Aim of the task:
Please write out the full listing beneath this line exactly, skipping its images.

Exercise data:

^^^^

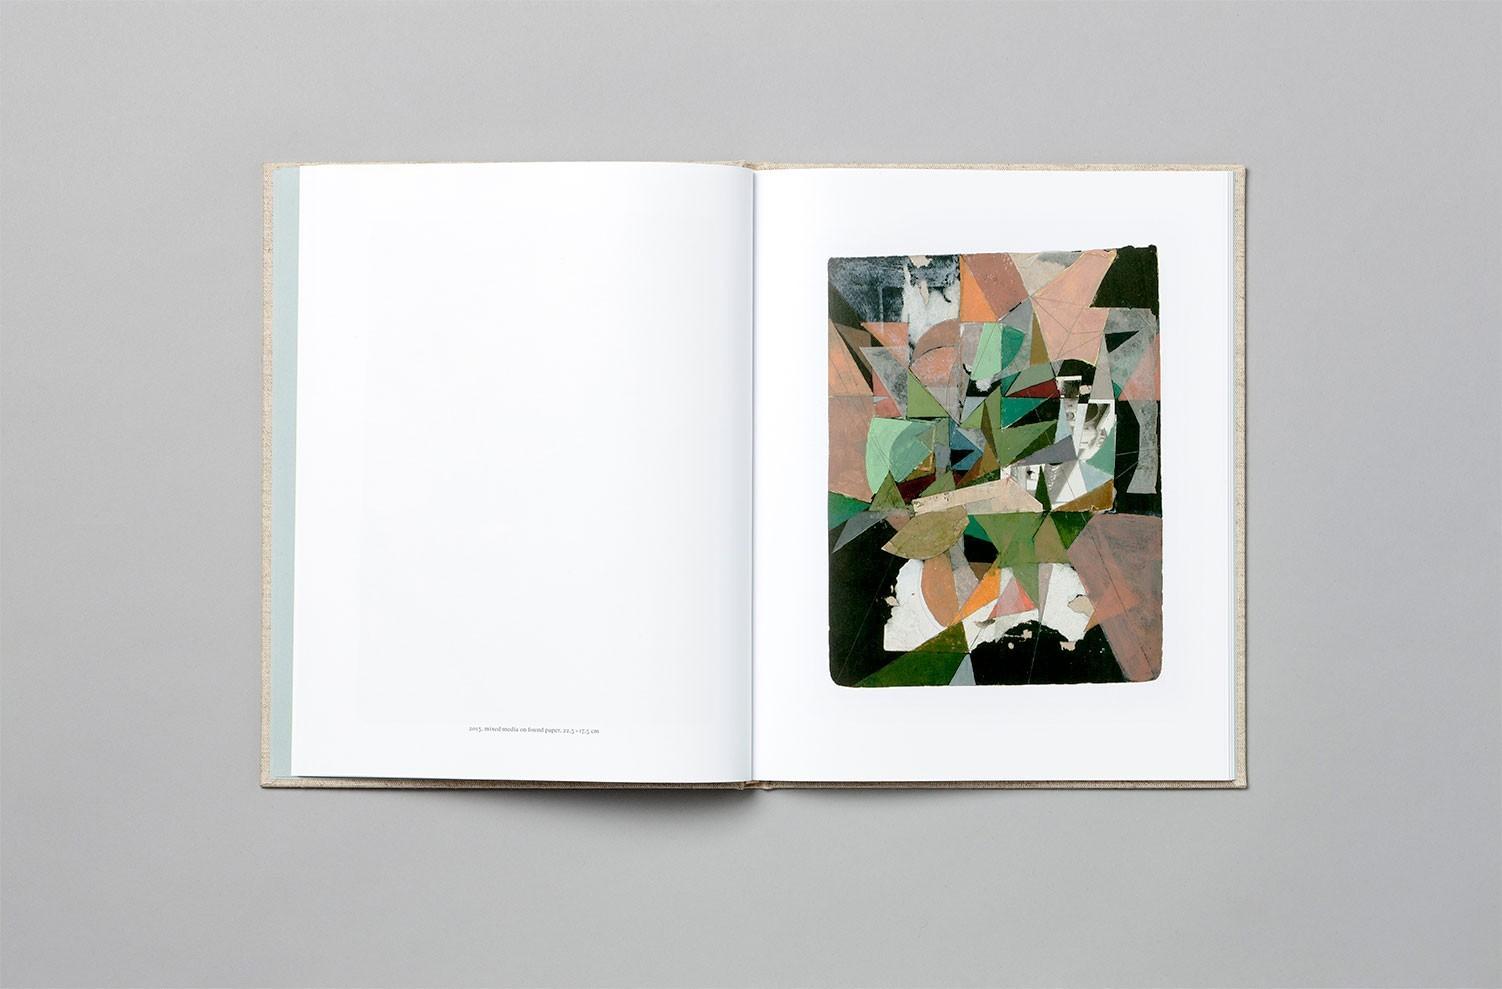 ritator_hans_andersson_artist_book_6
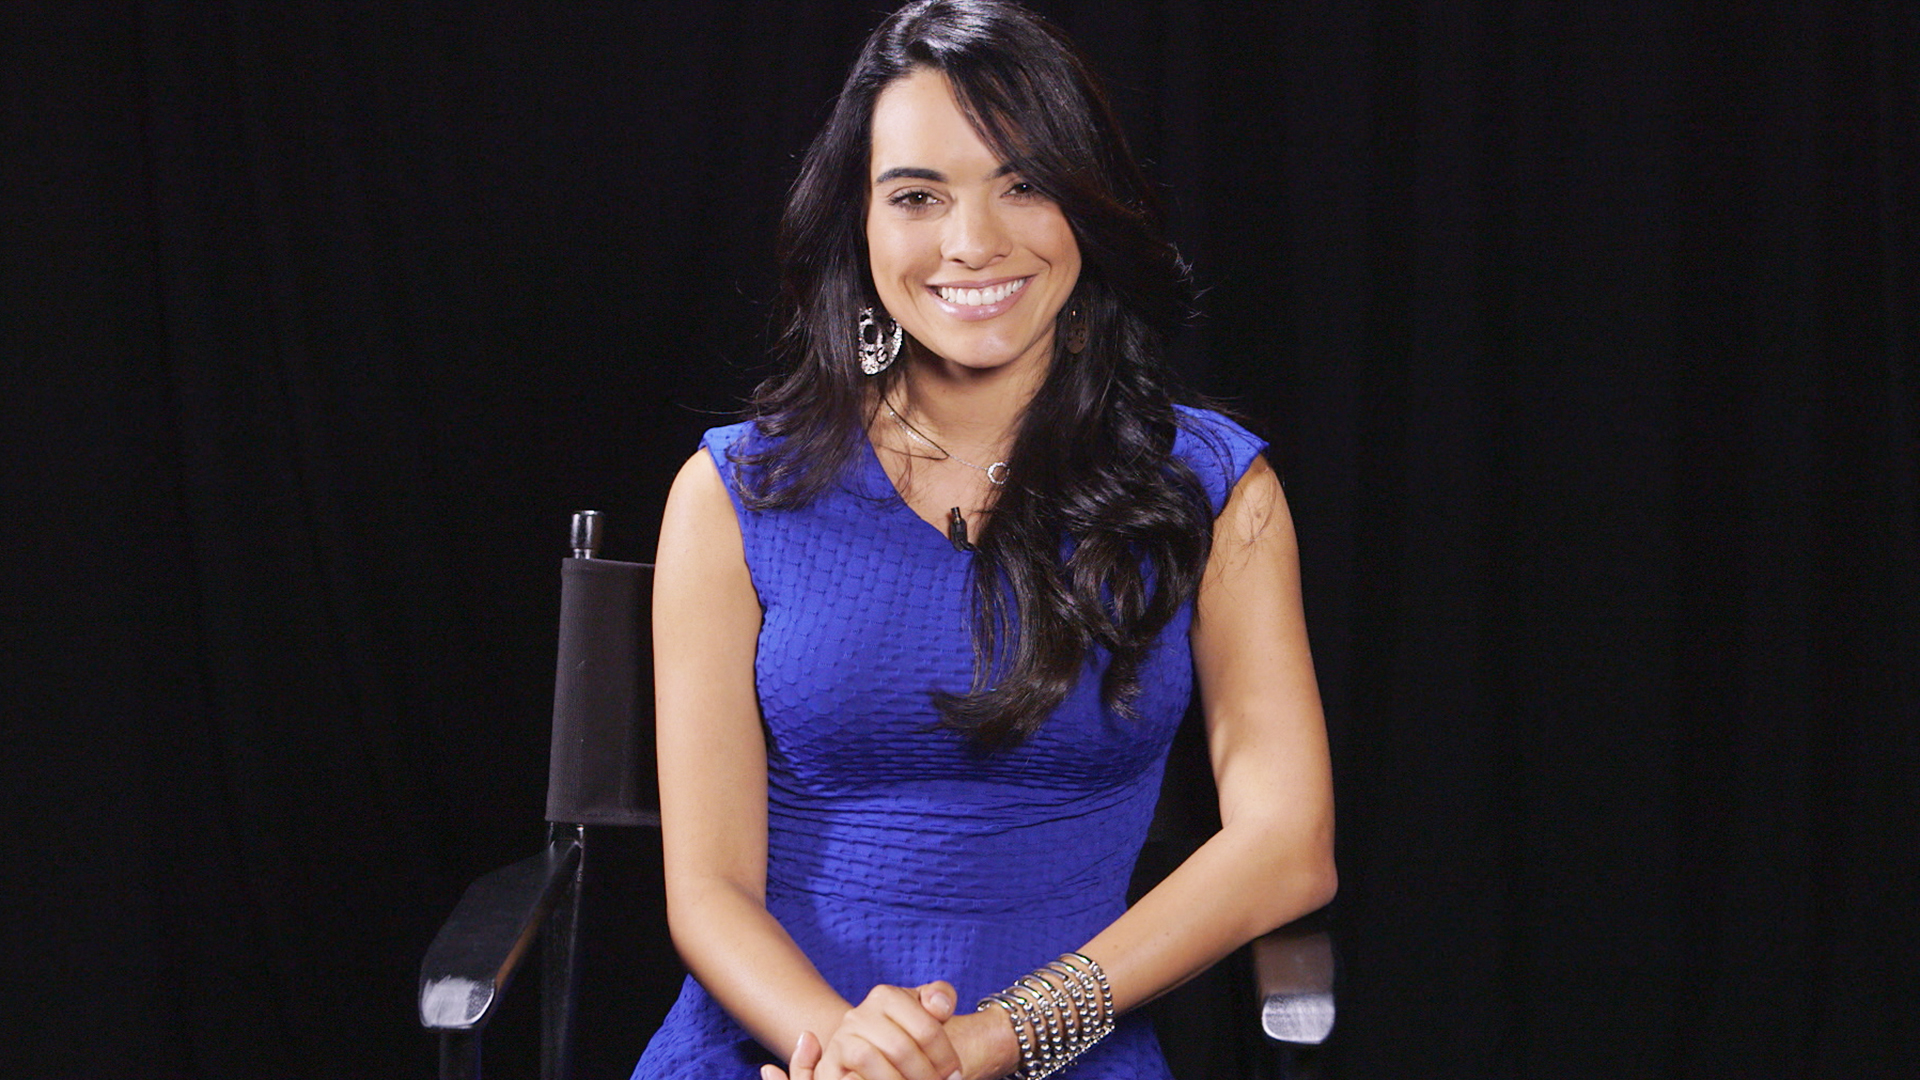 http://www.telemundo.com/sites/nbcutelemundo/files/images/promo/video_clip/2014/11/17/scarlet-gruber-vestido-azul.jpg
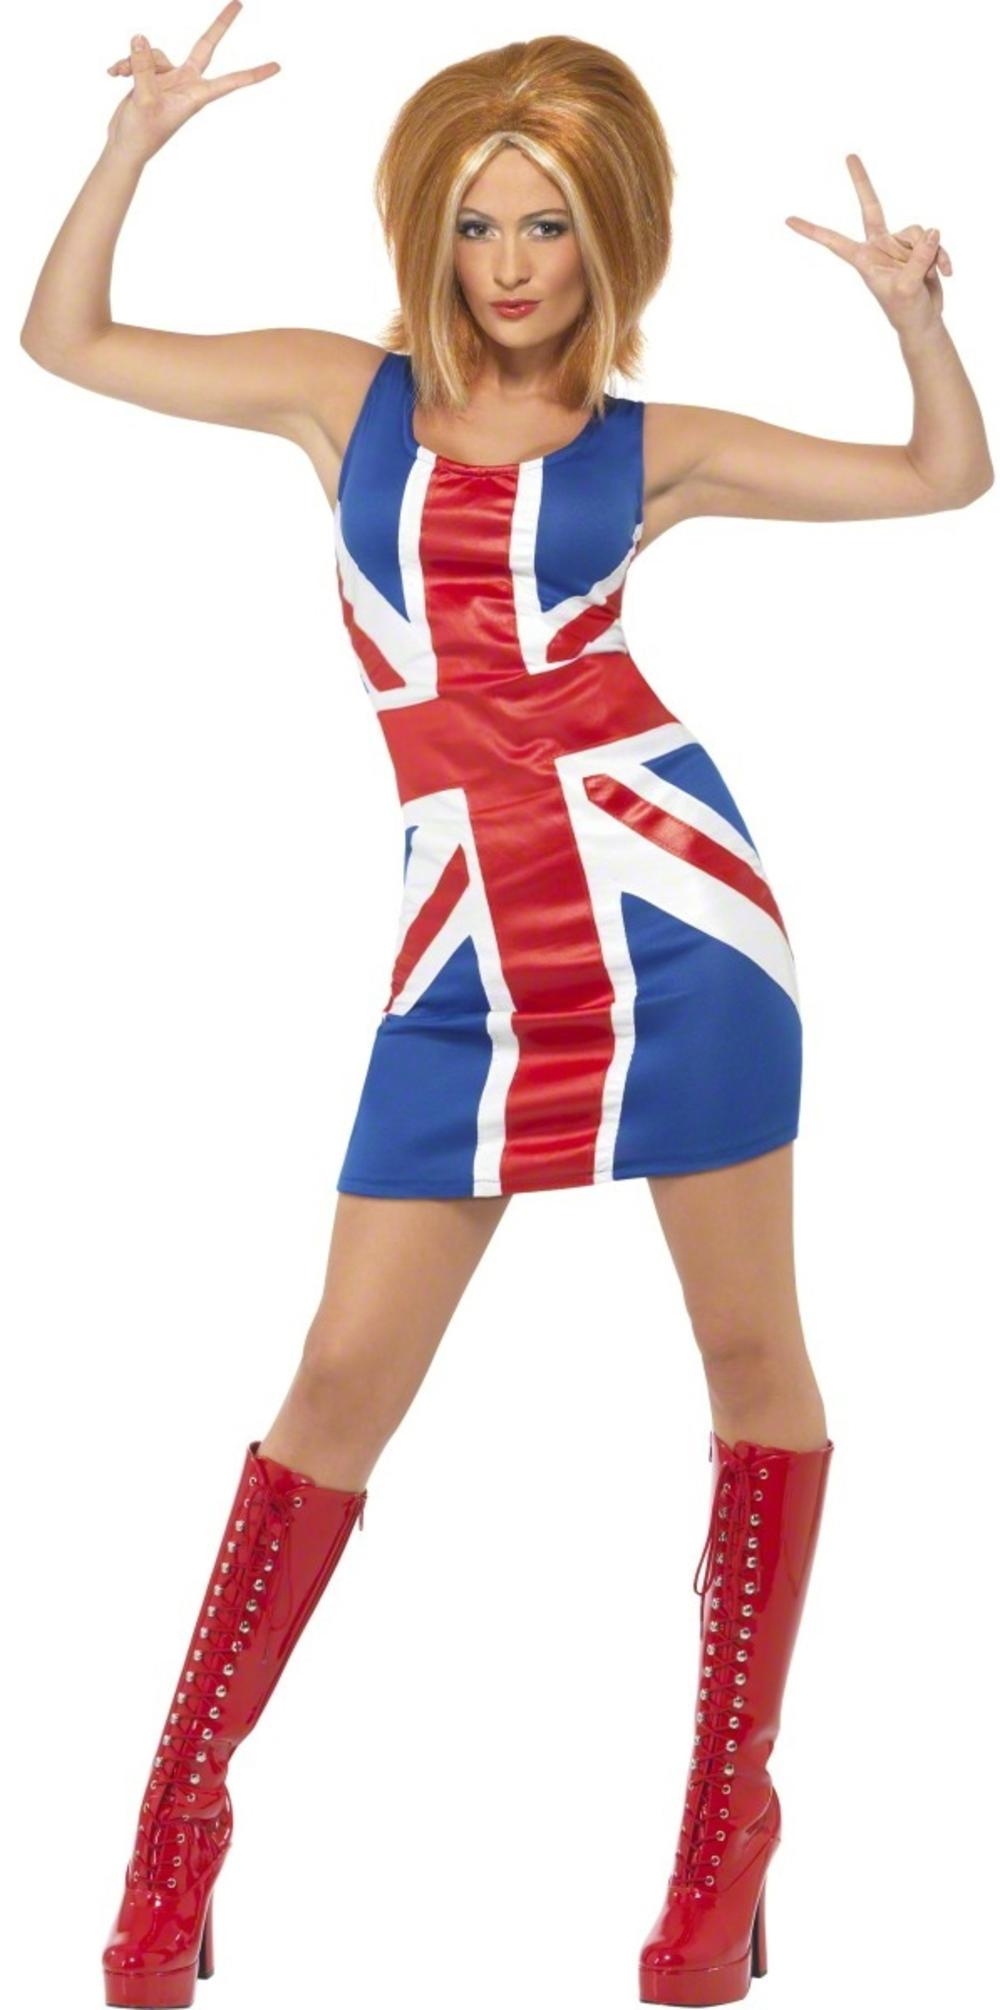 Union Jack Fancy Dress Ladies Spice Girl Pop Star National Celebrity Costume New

^^^^

Written answer:
 ritator_hans_andersson_artist_book_6
 http://www.telemundo.com/sites/nbcutelemundo/files/images/promo/video_clip/2014/11/17/scarlet-gruber-vestido-azul.jpg
 Union Jack Fancy Dress Ladies Spice Girl Pop Star National Celebrity Costume New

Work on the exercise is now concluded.